Solving the LASSO

Dec 18, 2023

In my last two posts, we saw how to use analytical optimization methods to find the beta coefficients for ordinary least squares and ridge regression. In this post, I want to try to tackle LASSO Regression.

LASSO regression, or L1 regularization, is a popular method in statistical modeling and machine learning where the primary goal is to balance model simplicity and accuracy by adding an L1 penalty term to the linear regression model. The L1 penalty encourages sparse solutions, where some coefficients become precisely zero, making LASSO useful for feature selection.

In the case of ridge regression, we have the following objective function, with the constraint being the L2-norm.

$argmin_{\beta} \frac{1}{2} ||y-X\beta||_{2}^{2} $

$s.t. ||\beta||_{2}^{2} \le s$

Rewriting the objective function and constraint into its Lagrangian form, we have the following:

$L(\beta, \lambda) = ||y-\textbf{X} \boldsymbol{\beta})||_{2}^{2} + \lambda (||\beta||_{2}^{2} - s)$

In the case of LASSO regression, we have the following objective function, with the constraint being the L1-norm.

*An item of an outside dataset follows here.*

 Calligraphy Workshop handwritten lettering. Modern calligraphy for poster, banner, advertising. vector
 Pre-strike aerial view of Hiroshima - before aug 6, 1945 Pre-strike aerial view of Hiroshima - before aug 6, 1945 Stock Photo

$argmin_{\beta} \frac{1}{2} ||y-X\beta||_{2}^{2}$

$s.t. ||\beta||_{1} \le s$

Rewriting the objective function and constraint into its Lagrangian form, we have the following:

$L(\beta, \lambda) = ||y-\textbf{X} \boldsymbol{\beta})||_{2}^{2} + \lambda (||\beta||_{1} - s)$

Unlike ordinary least squares and ridge regression, LASSO has no closed-form solution. The reason for this is the presence of the absolute value term in the L1 regularization, which results in a non-differentiable objective function. The lack of differentiability makes it challenging to find an analytical solution using traditional calculus-based methods.

To help solve our LASSO problem, we need to employ iterative optimization techniques to find the optimal coefficients. One approach to help solve this problem is the coordinate descent algorithm. Somewhat similar to gradient descent, coordinate descent is an optimization algorithm that minimizes a multivariate objective function by iteratively updating the parameters along coordinate axes. As we will see below, it optimizes one parameter at a time while keeping the others fixed. This process is repeated until convergence or a specified number of iterations.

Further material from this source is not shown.